● DATA EXCERPT:
=== Section Start ===

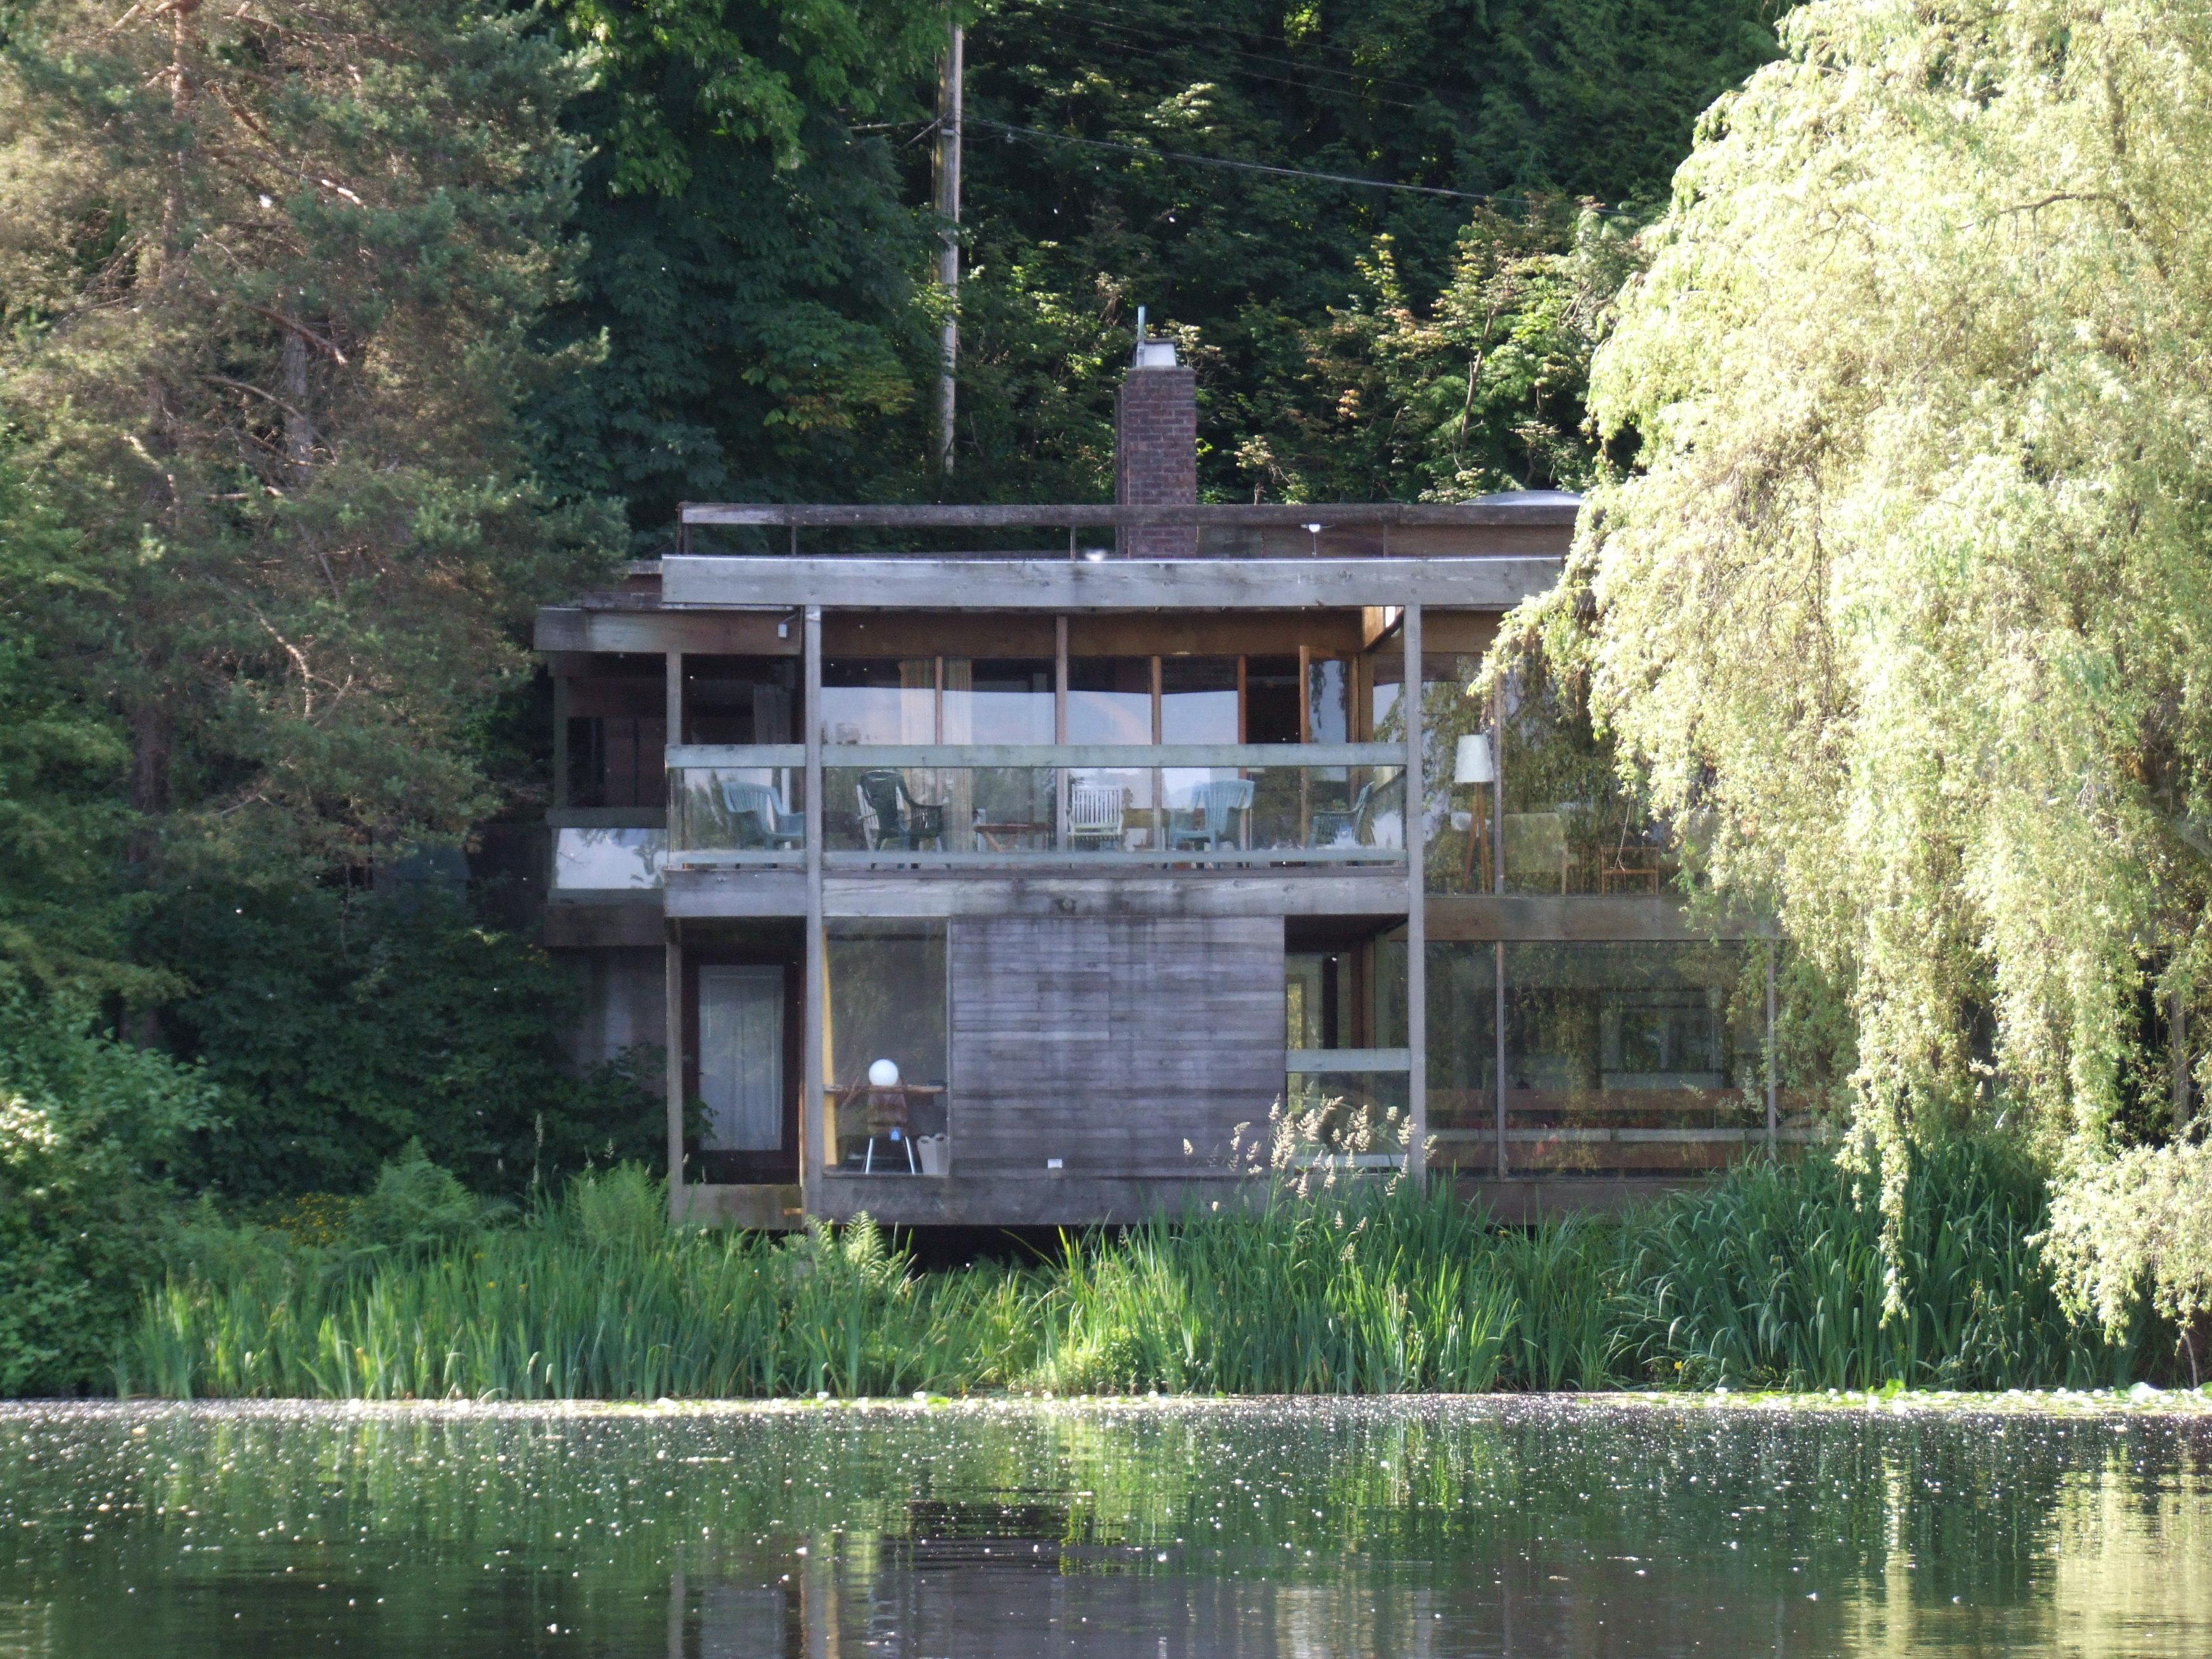 File:Baldwin House, Burnaby, BC 02.jpg - Wikimedia Commons
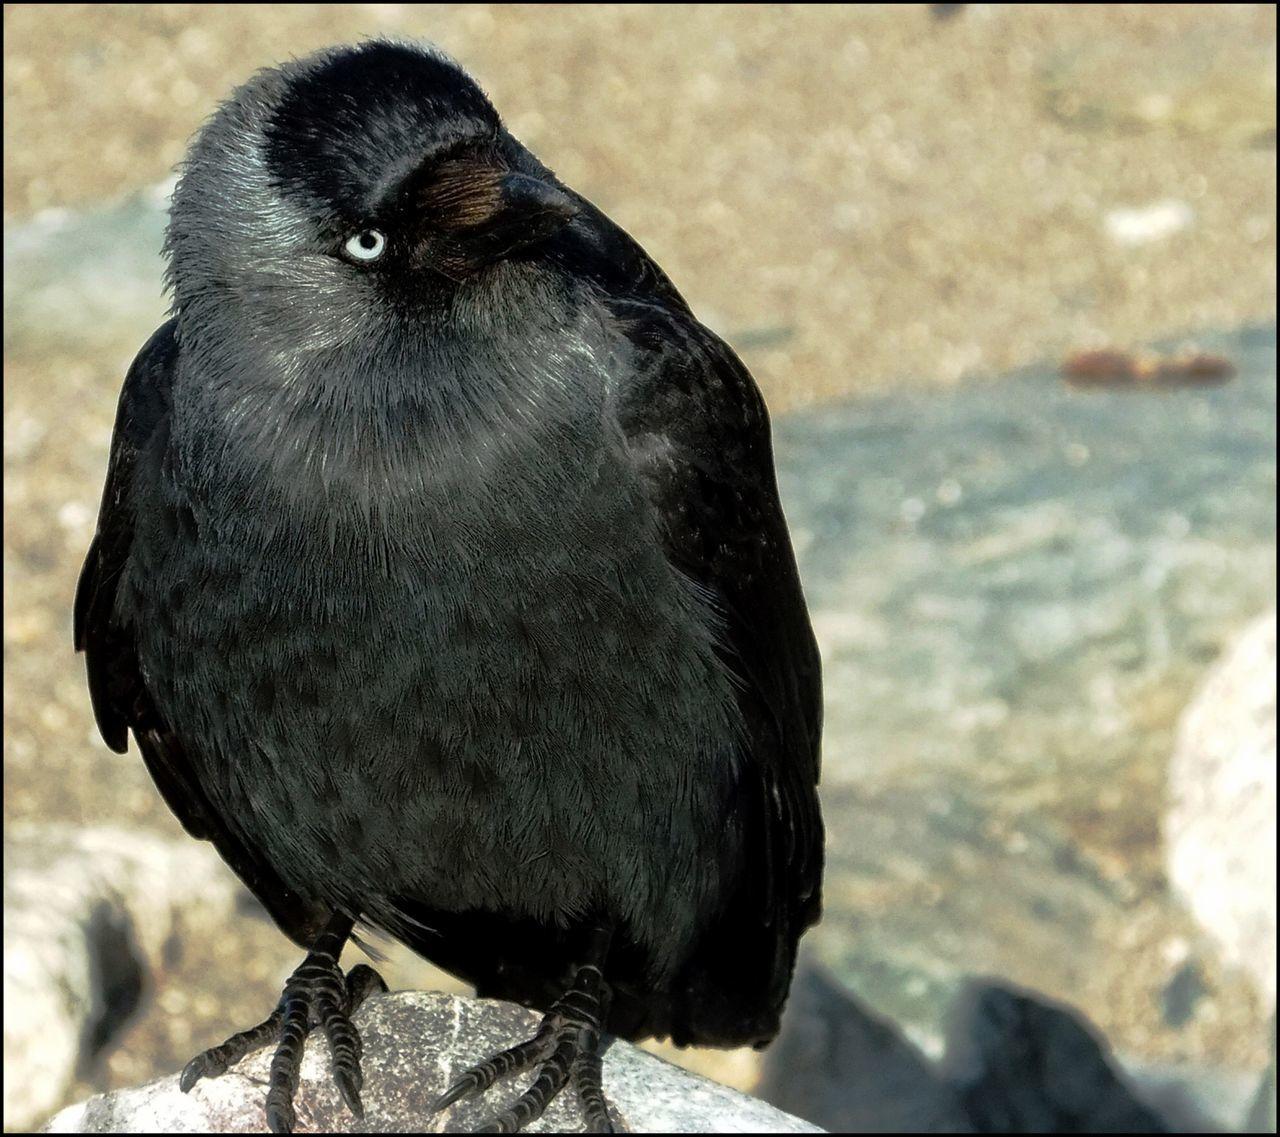 bird, one animal, animal themes, animals in the wild, close-up, animal wildlife, focus on foreground, day, no people, nature, beak, outdoors, raven - bird, perching
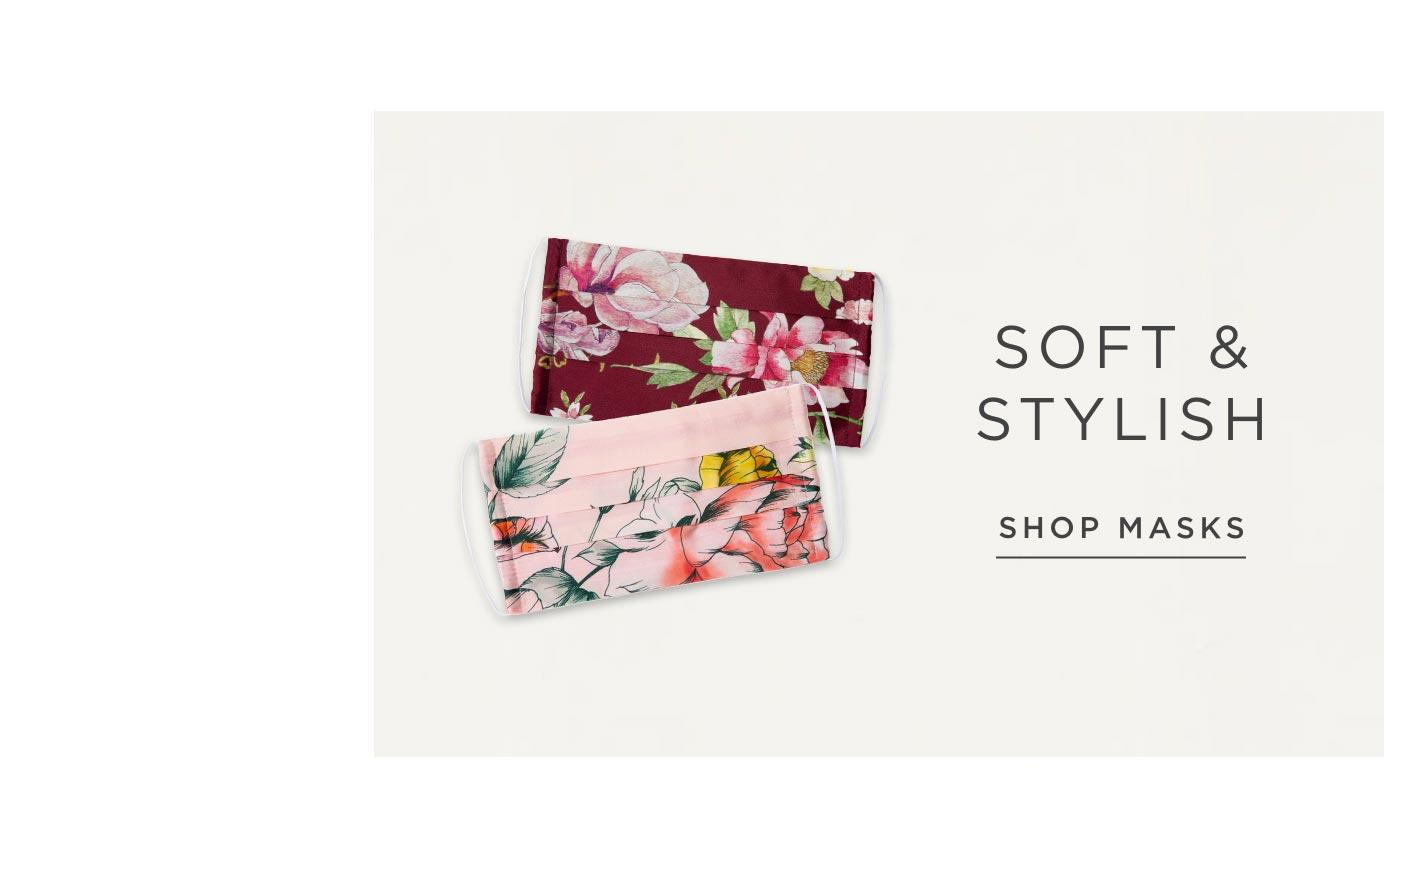 Soft & Stylish - Shop Masks

=== Section End ===

● TASK:
Omit any images, then output the listing exactly.

● WRITTEN RESPONSE:
 File:Baldwin House, Burnaby, BC 02.jpg - Wikimedia Commons
 bird, one animal, animal themes, animals in the wild, close-up, animal wildlife, focus on foreground, day, no people, nature, beak, outdoors, raven - bird, perching
 Soft & Stylish - Shop Masks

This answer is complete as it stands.